◆ Problem to solve: Exactly the lines below starting at the line with "tulle 3/4 sleeves" and ending at the line with "Make A Wish by ken wong" are wanted, with both ends included. Leave out the pictures and add no other lines.

◆ Data for this task:
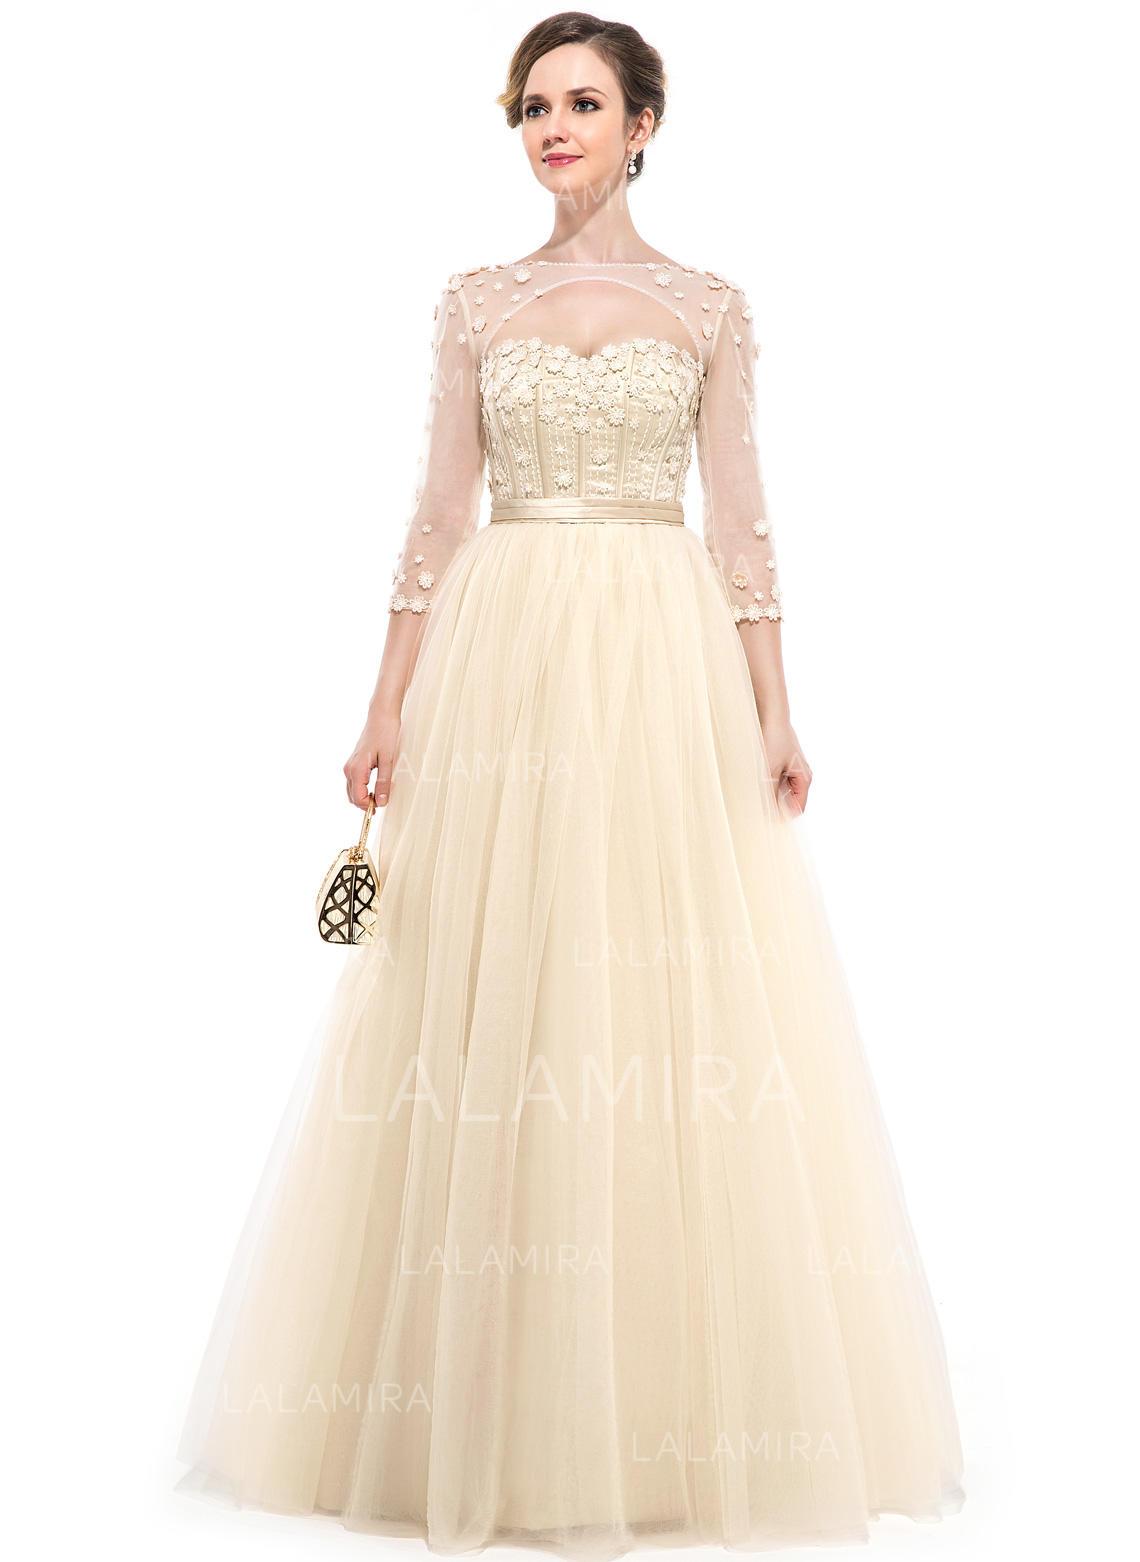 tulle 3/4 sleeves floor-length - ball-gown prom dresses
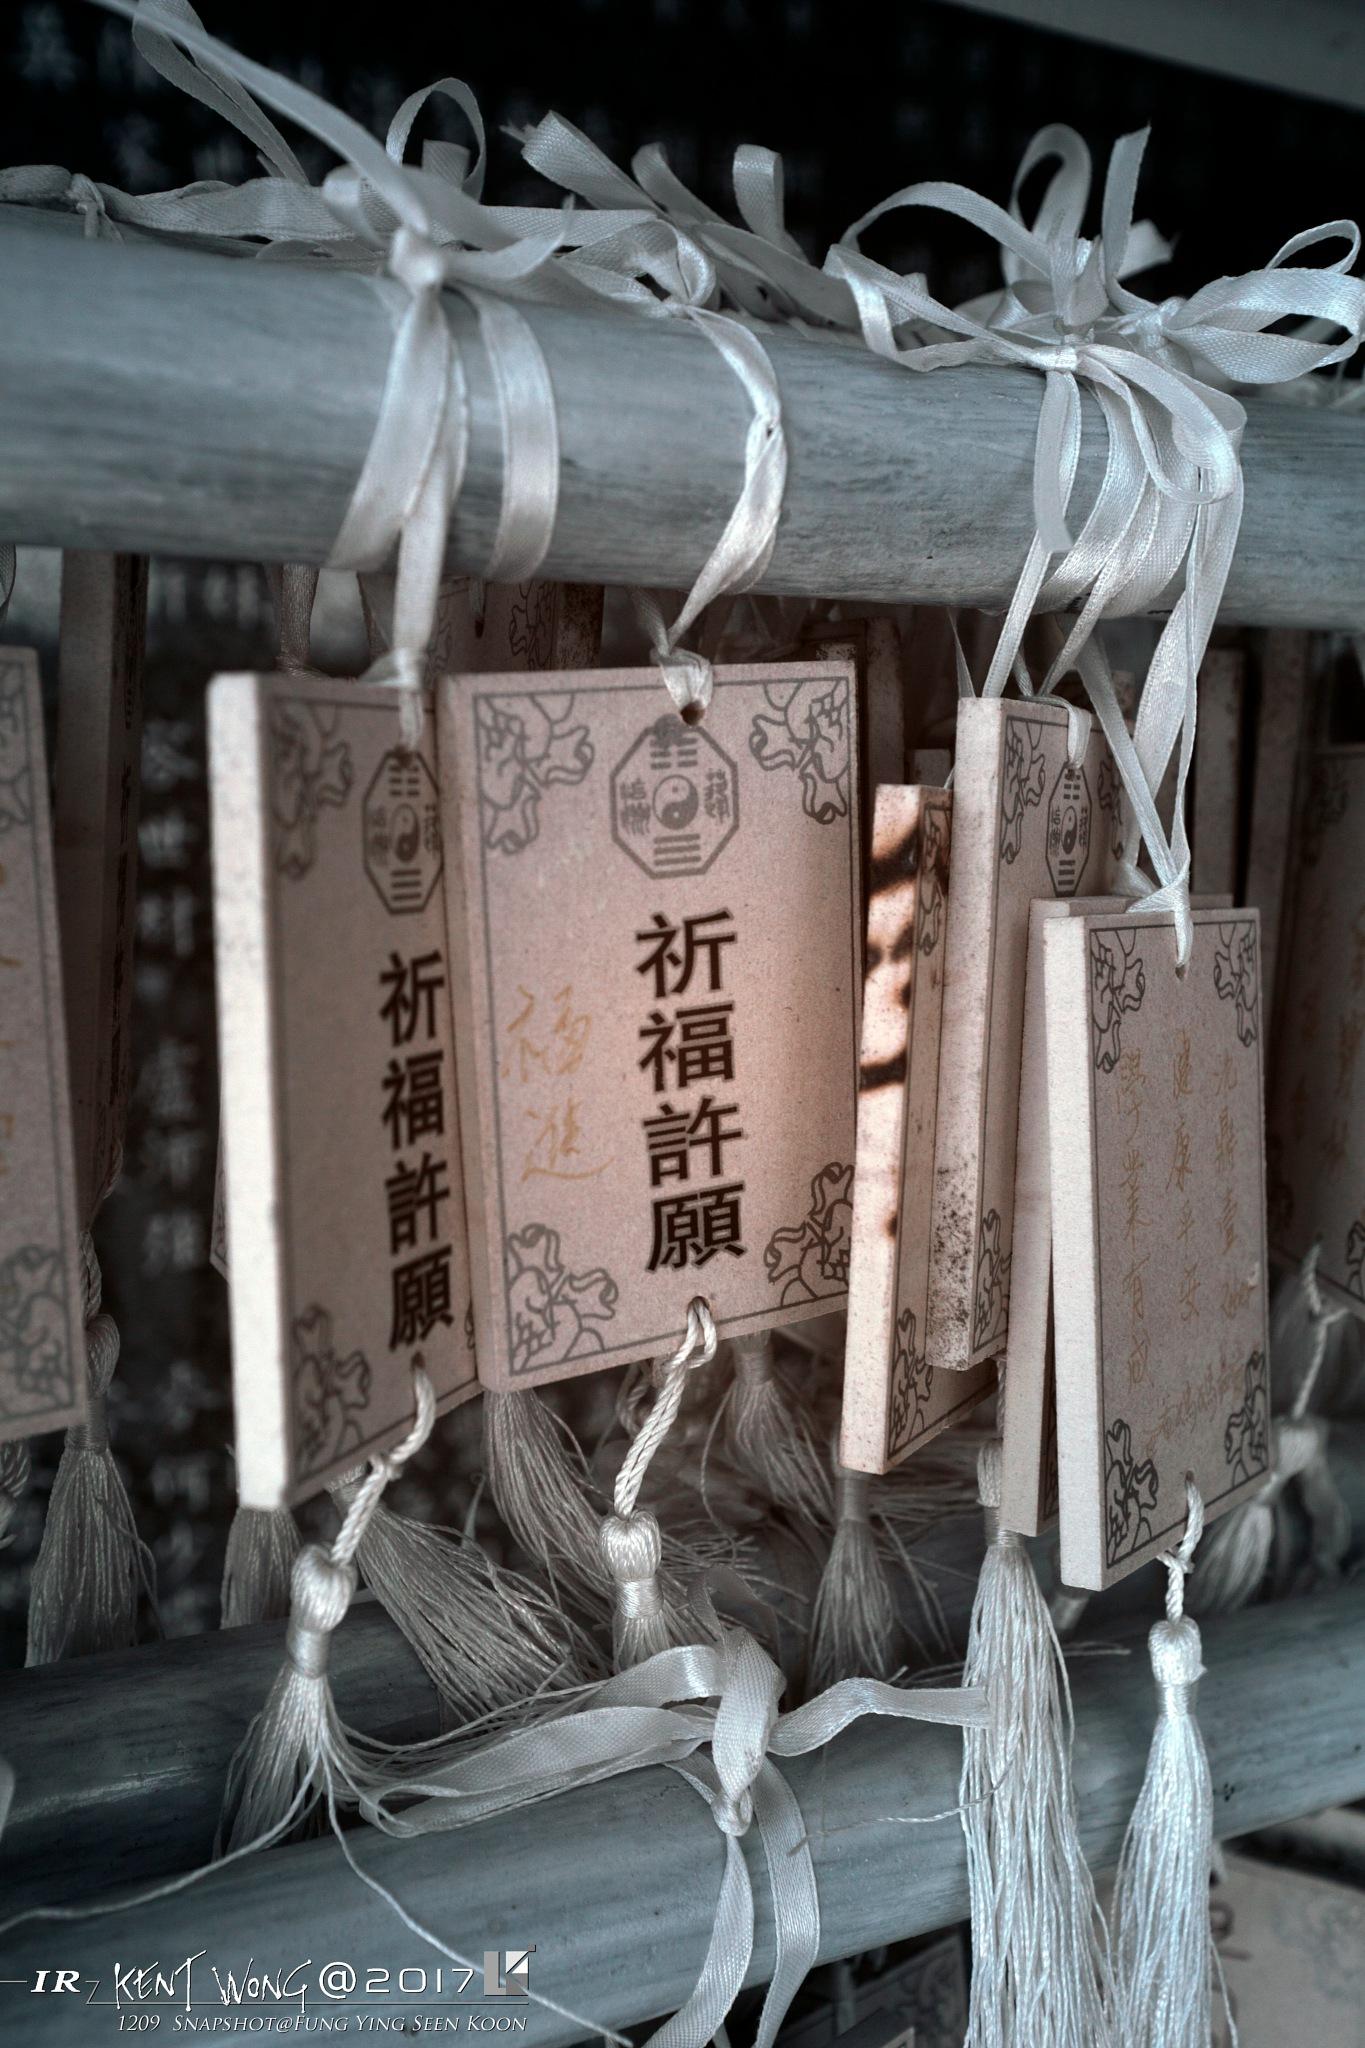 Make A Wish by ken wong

==

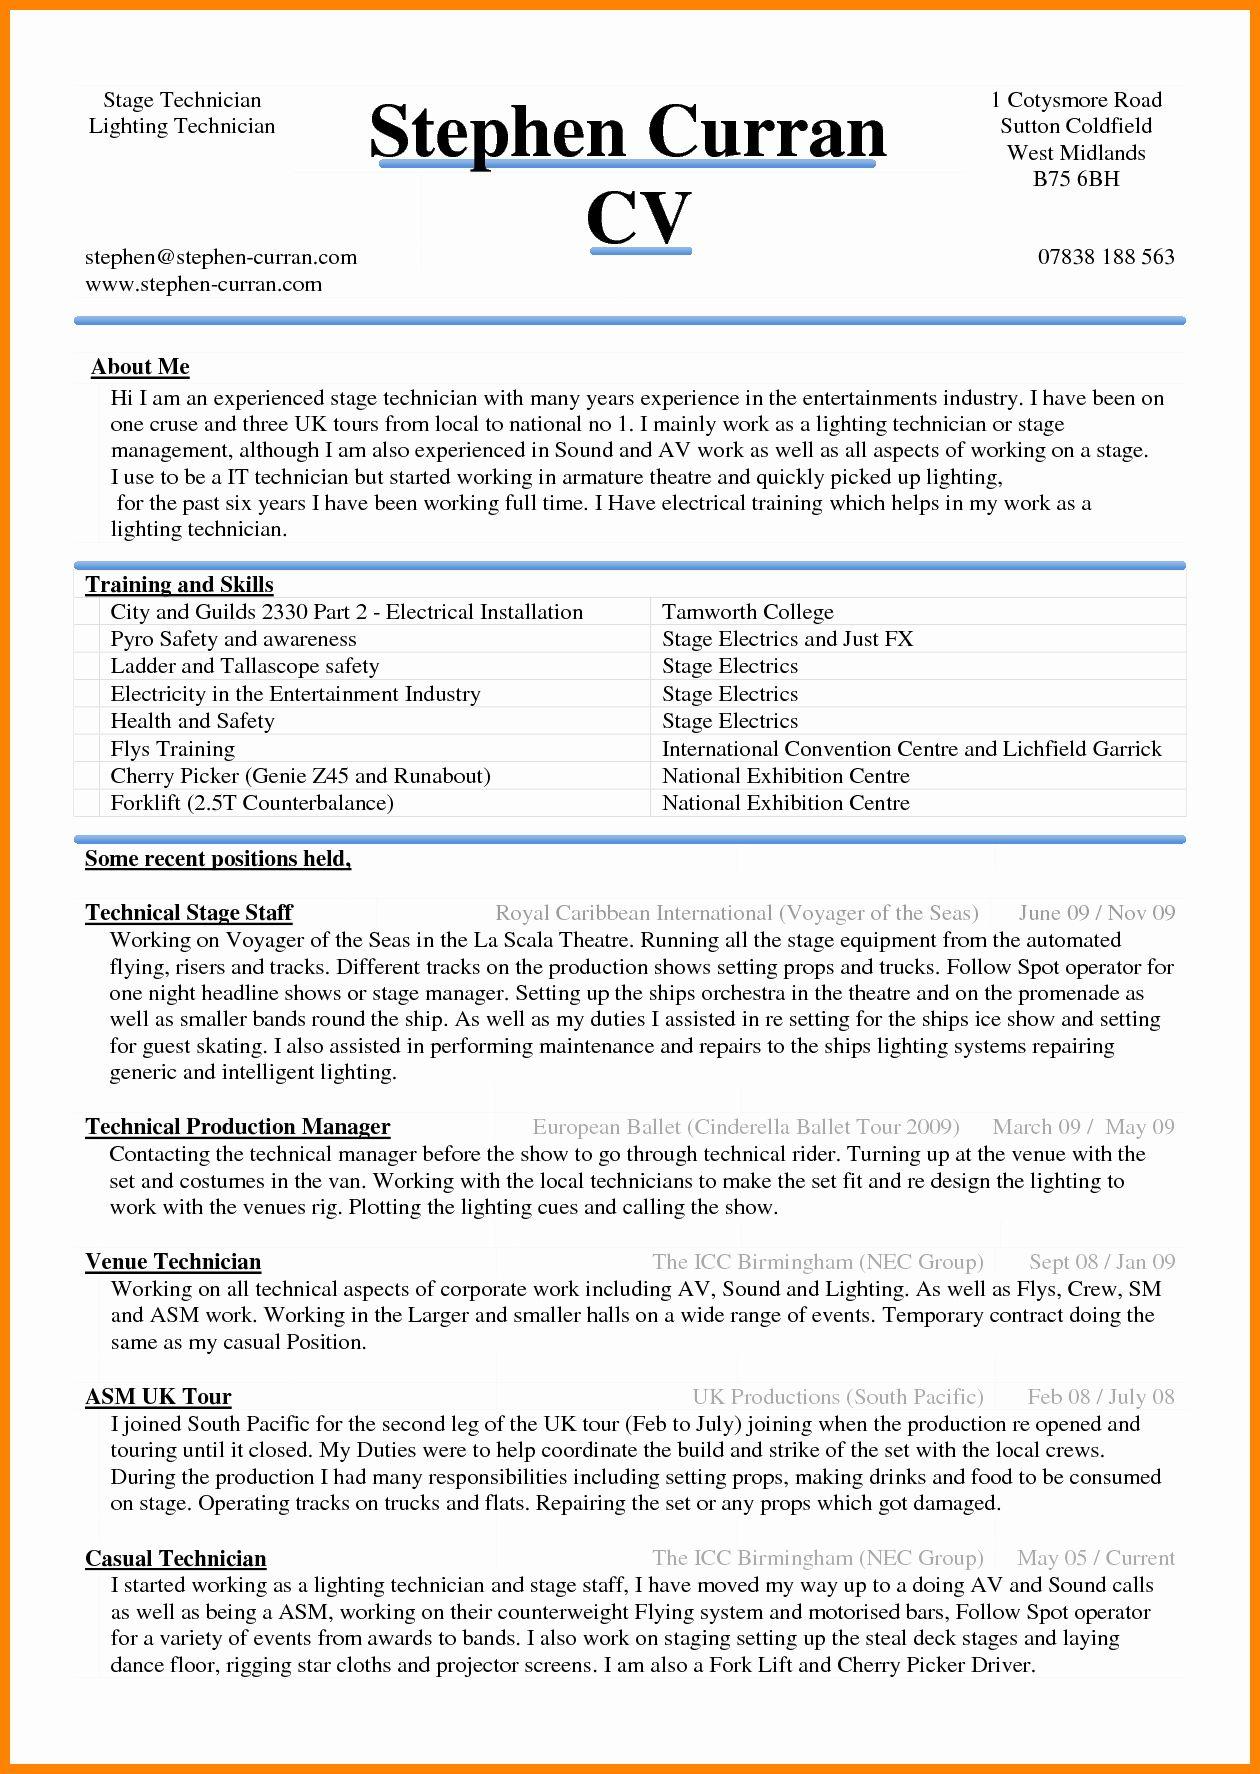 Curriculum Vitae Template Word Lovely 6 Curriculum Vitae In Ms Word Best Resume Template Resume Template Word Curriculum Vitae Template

◆ Answer below:
 tulle 3/4 sleeves floor-length - ball-gown prom dresses
 Make A Wish by ken wong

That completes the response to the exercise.